::: RECORDS PROVIDED

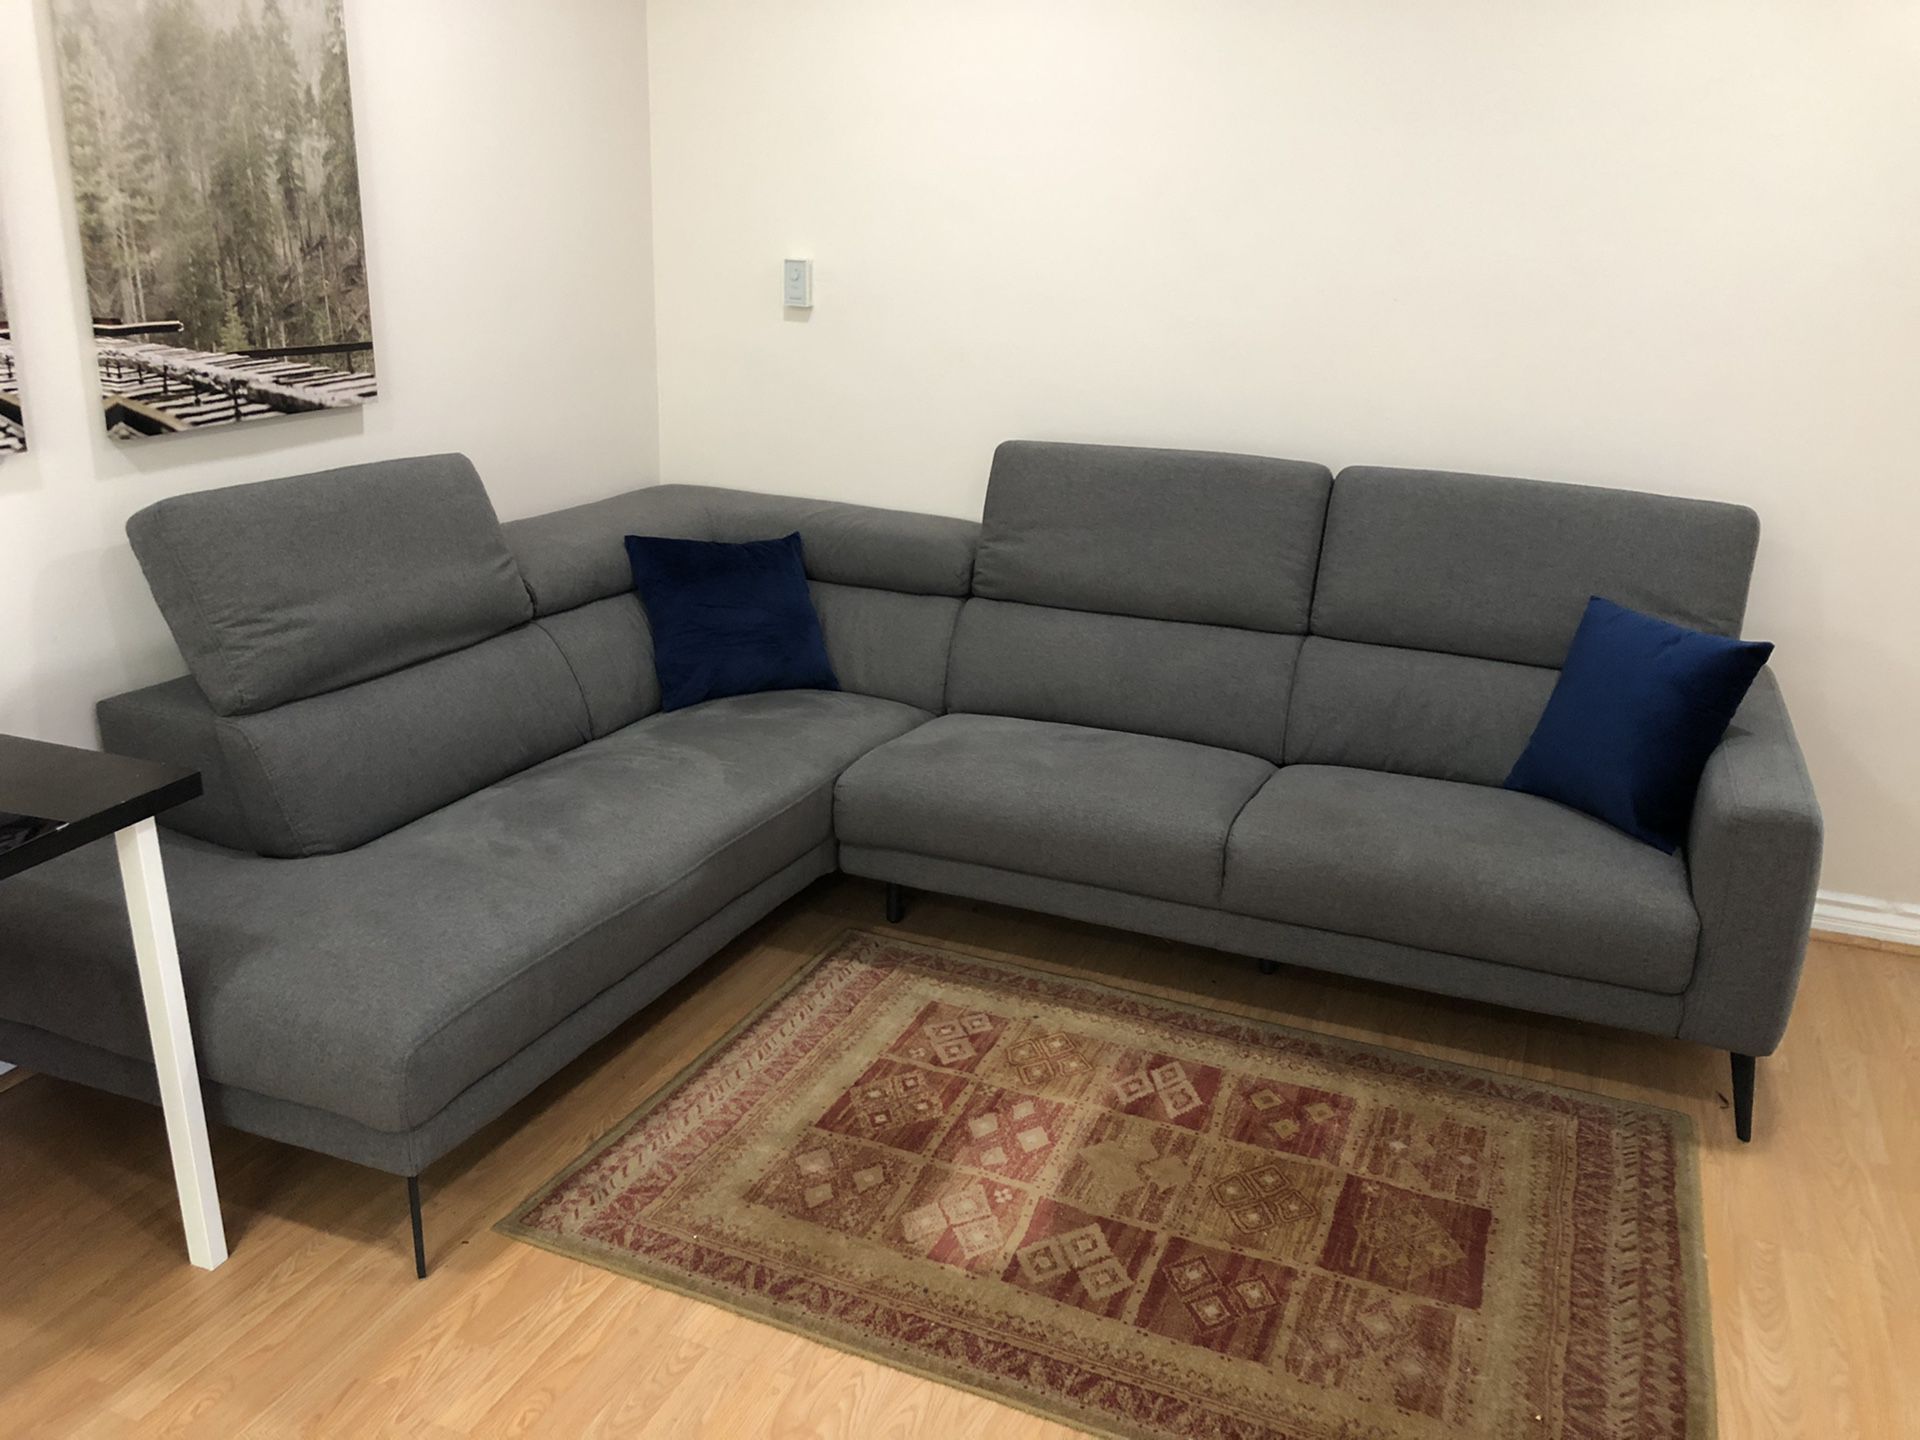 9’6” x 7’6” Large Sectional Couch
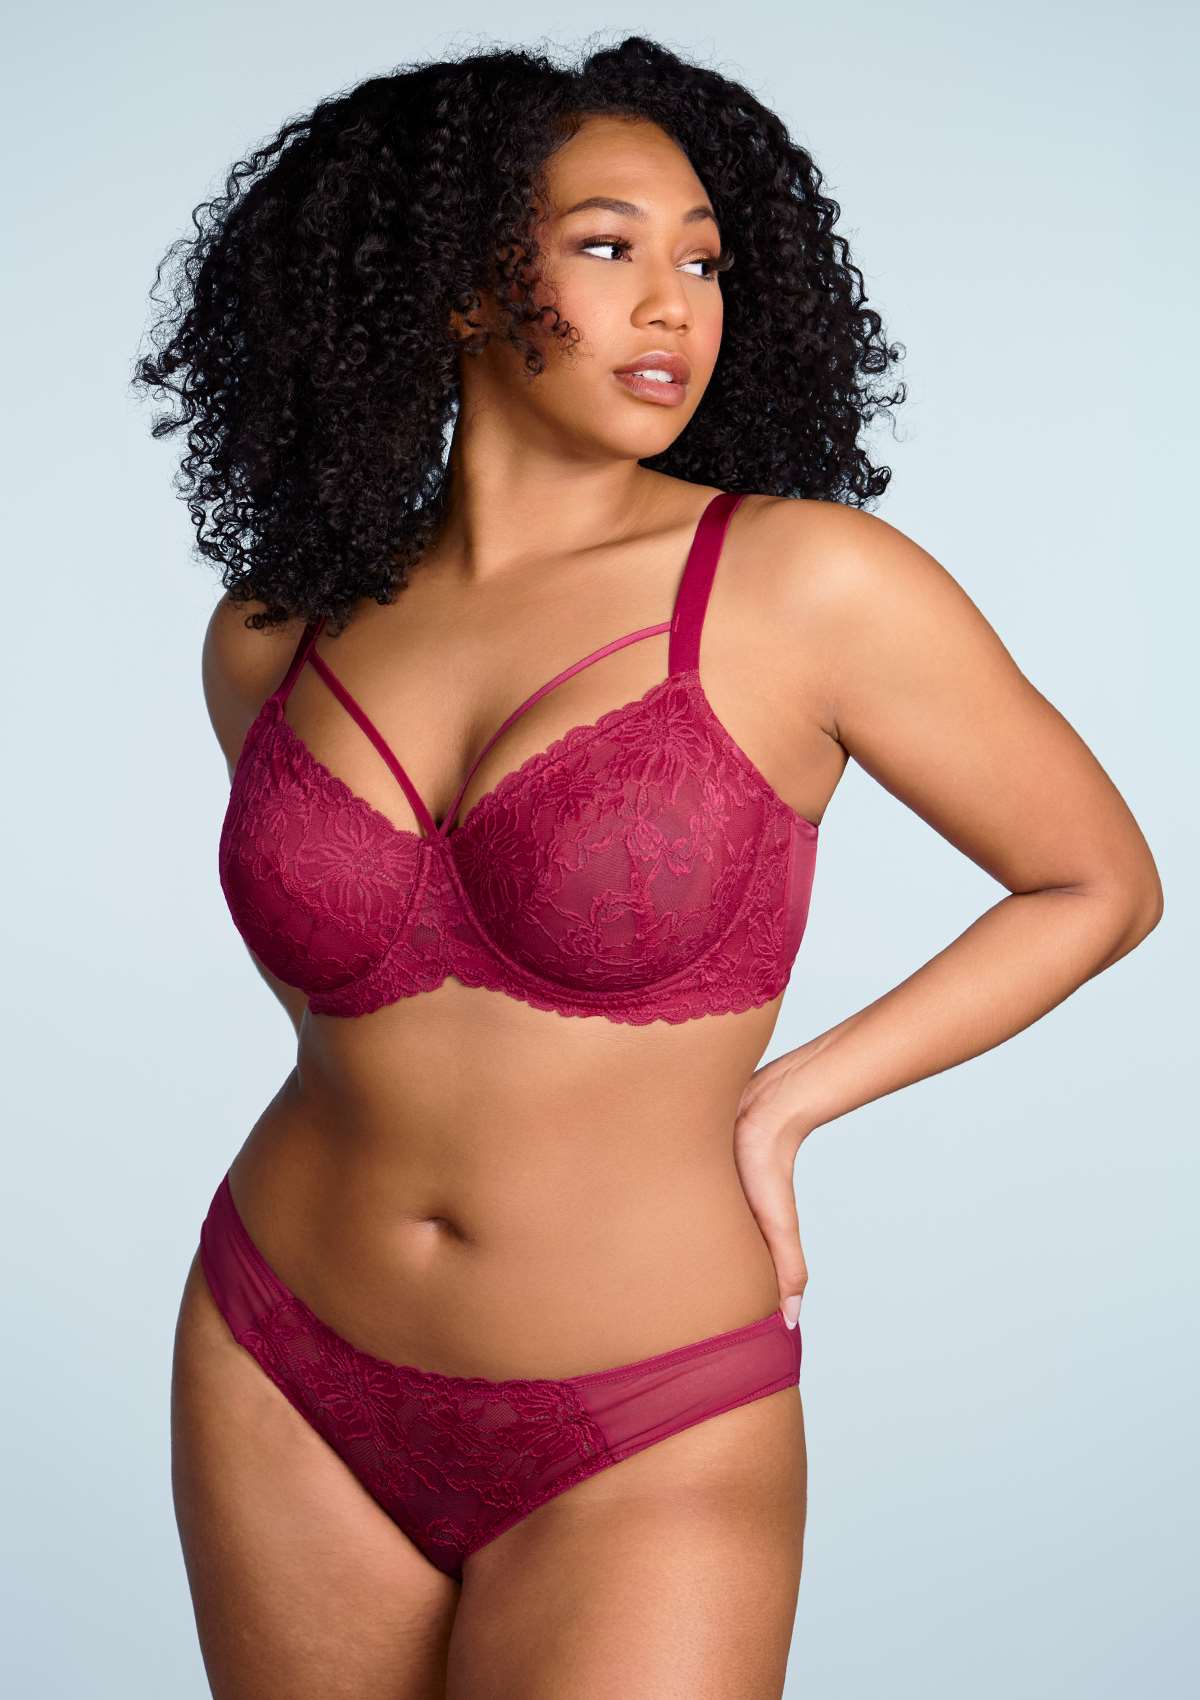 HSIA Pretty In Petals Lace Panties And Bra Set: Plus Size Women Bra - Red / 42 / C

::::::
::: RECORDS PROVIDED

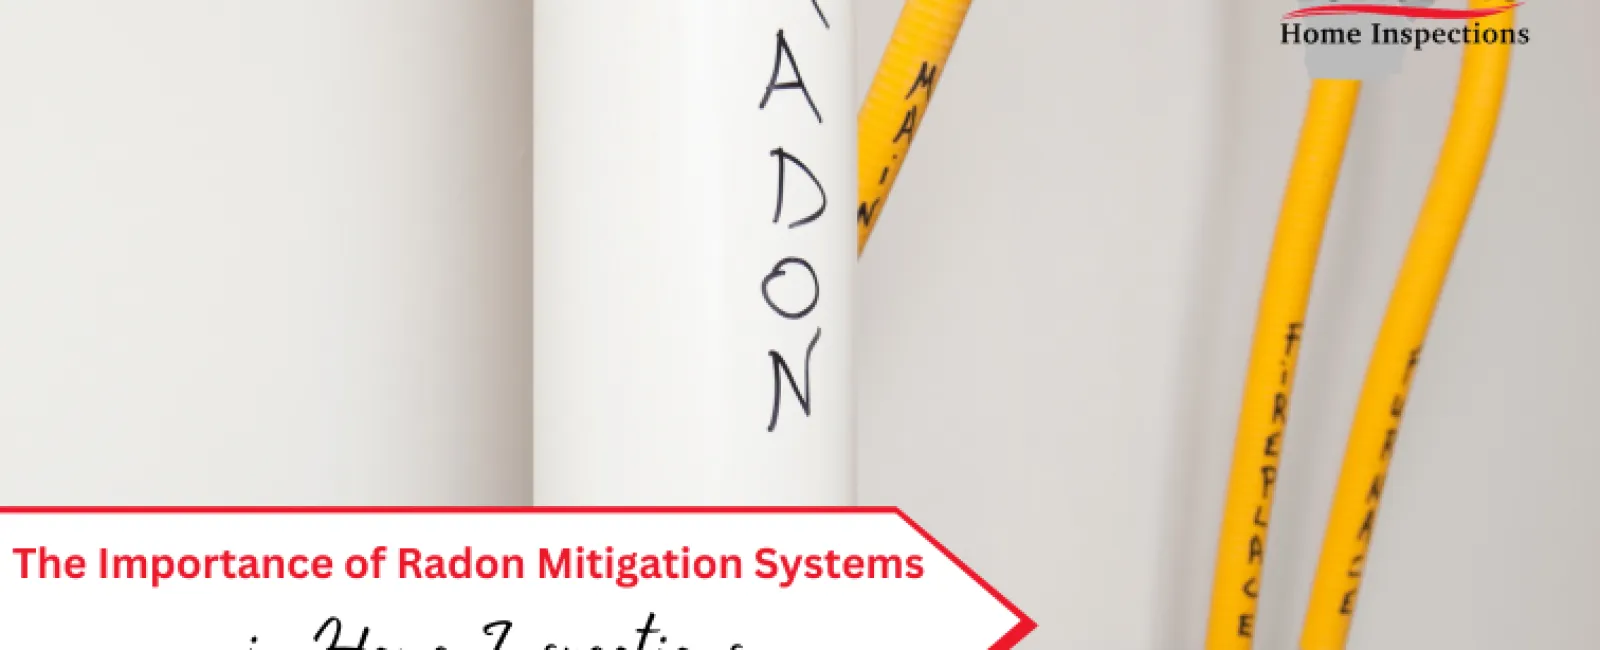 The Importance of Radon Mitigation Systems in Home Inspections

::::::

▶ [YOUR INSTRUCTIONS] Give again the stretch of lines above from the one with "Large Sectional Couch" through the one with "HSIA Pretty In", both ends kept, and copy no pictures.

▶ [COMPLETED TASK]
 9’6” x 7’6” Large Sectional Couch
 HSIA Pretty In Petals Lace Panties And Bra Set: Plus Size Women Bra - Red / 42 / C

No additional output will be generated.